Clinical Guideline Review
American Society of Hematology 2020 Guidelines for Sickle Cell Disease: Transfusion Support
Author(s): Stella T. Chou, Mouaz Alsawas, Ross M. Fasano, Joshua J. Field, Jeanne E. Hendrickson, Jo Howard, Michelle Kameka,
Janet L. Kwiatkowski, France Pirenne, Patricia A. Shi, Sean R. Stowell, Swee Lay Thein, Connie M. Westhoff, Trisha E. Wong, and Elie A. Akl
DATE OF PUBLICATION: JANUARY 2020 | DATE OF REVIEW: JULY 30, 2020
Citation: Blood Advances 28 January 2020 Volume 4, Number 2, 327-355
Method of Review: A subcommittee of the Evidence-Based Practice and Research Committee of the Association of Pediatric Hematology/Oncology Nurses conducted a group review of the clinical recommendations using the AGREE II criteria1. The committee had an overall assessment of approval for endorsement.

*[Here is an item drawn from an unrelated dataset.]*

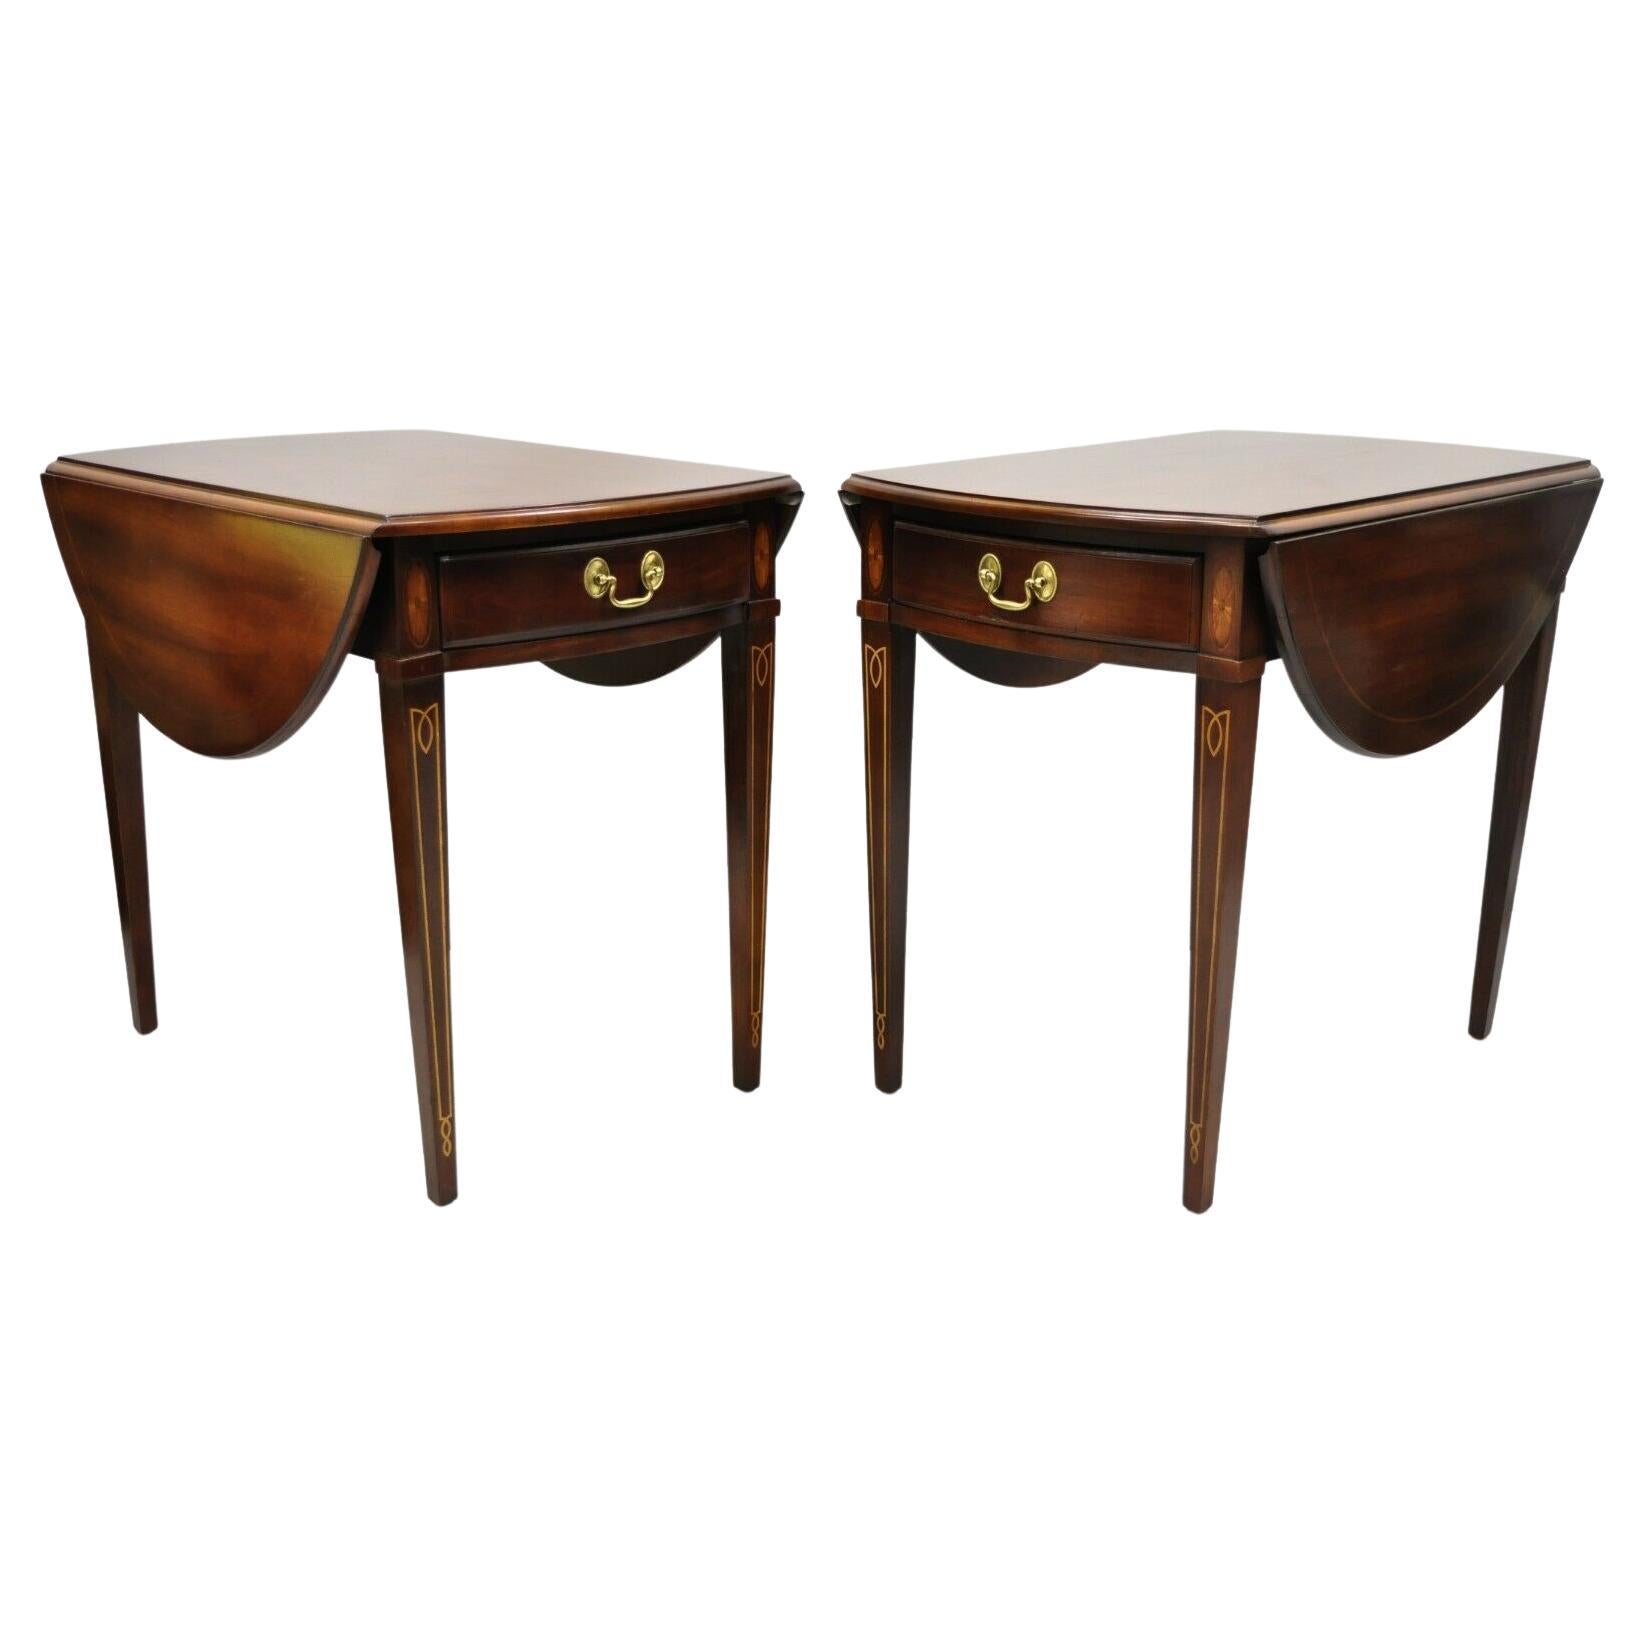 Federal Sheraton Mahogany Pembroke Side Table with Inlay by Hammary, a Pair

Review Summary: These are high-quality guidelines that followed the most recent methods to search and appraise evidence. The recommendations are clear; they include some limitations. Despite not being exclusive for the pediatric population, a significant part of the evidence considered were studies that enrolled children—besides, some members of the panel work in Pediatrics. The recommendations may not directly cover nursing practice. The only reservation is that they are almost all suggested recommendations with low certainty evidence. Despite the lack of evidence, the guidelines are valuable for the care of SCD patients because these patients are vulnerable to frequent transfusion-related complications. As suggested by the authors, some adaptations might be considered, such as the reality of a specific clinical setting, local resources, institutional policies, and the availability of treatments.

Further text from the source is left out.